Commentary. We’ve sent a cease and desist from our lawyers who say, ‘They just copy-pasted the name and font, only changing the definite article.’ But no one can forge our history and integrity.

Knock-off ‘il manifesto’ launches in Greece with right-wing screeds

If you go on vacation to Greece this summer and happen to see on a newsstand a newspaper that has the same name and logo as the one you’re reading now, don’t buy it. We did not expand our circulation to Greece or decide to translate our articles. It is a case of blatant copyright infringement.

The perpetrators replaced the Italian masculine determinative article “il” with the Greek neuter equivalent “to,” but otherwise the masthead is identical to the one designed in 1971 by Giuseppe Trevisani, il manifesto’s first graphic designer.
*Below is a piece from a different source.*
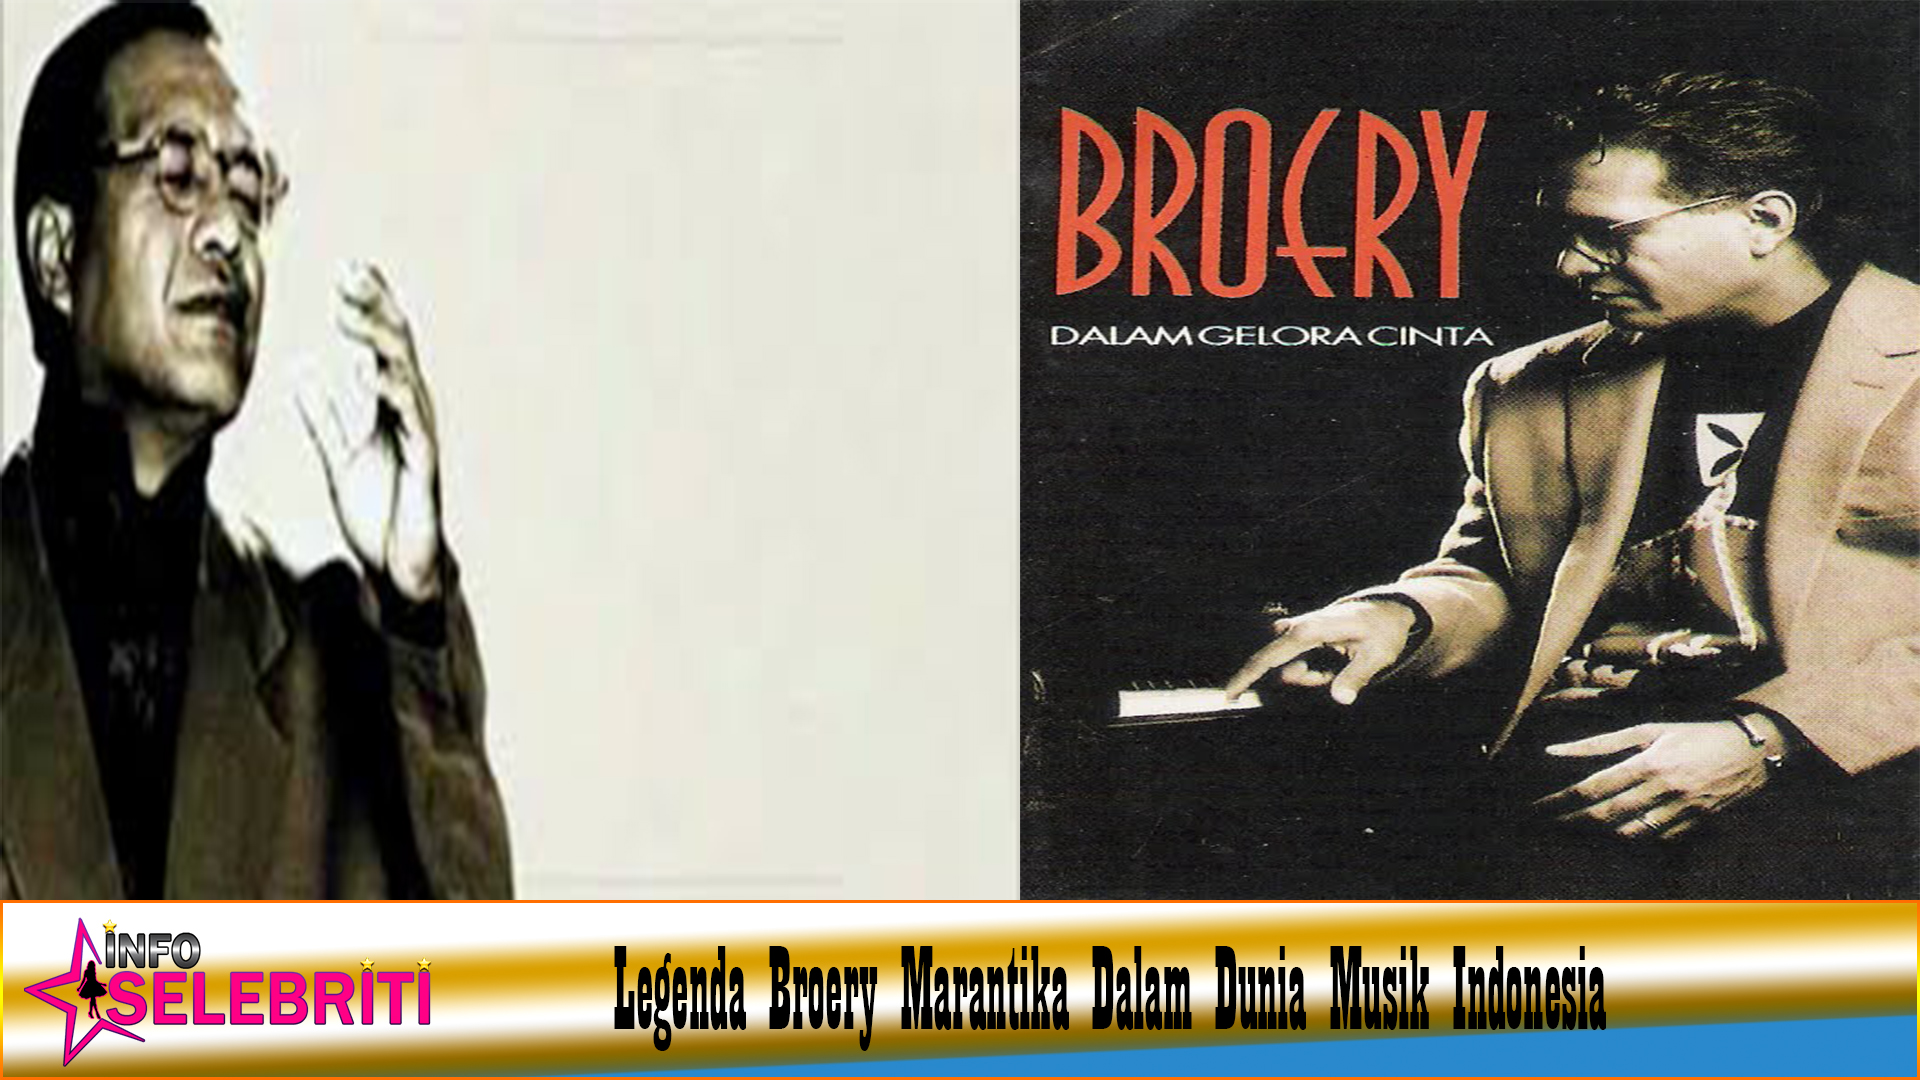 Legenda Broery Marantika Dalam Dunia Musik Indonesia

The only modification, which is telling, has to do with colors: there is no red strip underlining the name, but a yellow circle surrounding the first two letters.

After some investigation, attorneys Andrea Fiore and Alessio La Pegna, with the help of their Greek colleague Ioannis Apatzidis, sent a cease and desist letter on behalf of our cooperative to immediately cease publication of this pirated variant.

“Usually, those who try to appropriate others’ trademarks to exploit their fame use a little imagination. Perhaps by adding words or making small changes. Here, they just copy-pasted the name and font, only changing the definite article,” says La Pegna.

This name has 51 years of political positions and journalistic quality behind it. It cannot be besmirched by a propaganda rag carrying water for the current right-wing government led by Nea Dimkoratìa.

If you flip through “to manifesto,” you won’t find hard news, reportages or investigations, but only opinion pieces and political screeds which on the one hand glorify Greek Prime Minister Kyriakos Mitsotakis and his team, and on the other relentlessly attack the opposition led by Alexis Tsipras and Syriza.

More than half of the 30 or so articles that editor Alexandros Papastathopoulos authored between June and July have Tsipras in the headline or cover image. It’s nothing short of an obsession.

There are no well-known figures among the newspaper’s staff, and editor Haris Pavlides is not known in Greek journalism circles either. There is an old description of him in the local version of the Huffington Post website, in which, among other things, he is listed as a press adviser to Dimitris Avramopoulos, a Nea Dimokratìa figure who was formerly minister of justice and European commissioner for migration.

In Greece, newspaper circulation and sales are not public. So there are no very reliable numbers, but the circulation of “to manifesto” appears limited.

In the press freedom index compiled annually by Reporters Without Borders (RSF), Greece fell from 70th place out of 180 in 2021 to 108th this year. Two places below Ukraine, between Burundi and Zambia.

Radio, television and print media are, with very rare exceptions, mouthpieces for the right-wing. Partly because of this fact, since the funding channels are unclear, some are speculating that the ruling party is bankrolling this paper.

to manifesto” was born in April 2019, three months before the national elections. After a few pre-election physical editions, it continued to exist only as a website. The low circulation helped it stay inconspicuous, remaining hidden in the folds of the web.

On May 16, however, it returned to newsstands.

Accompanying the yellow and blue graphic announcing the news, which could be seen on the streets of Athens on the back of some buses, was the slogan: “At the center of power.”

Their Twitter profile, meanwhile, proclaims that “The middle class is the future of the nation.”

The crimes they’ve committed by copying the name and logo range from copyright infringement, to unfair competition, to plagiarism. il manifesto is a European-registered trademark, a historic trademark in Italy, and its protection goes beyond individual member states.

In this matter, however, the defense of our newspaper’s history matters more than just the protection of intellectual property. The red line underlining the letters of our masthead indicates a definite political orientation and an unblemished, independent publisher organized as a cooperative.

Those who want to make a yellow newspaper need to use another name.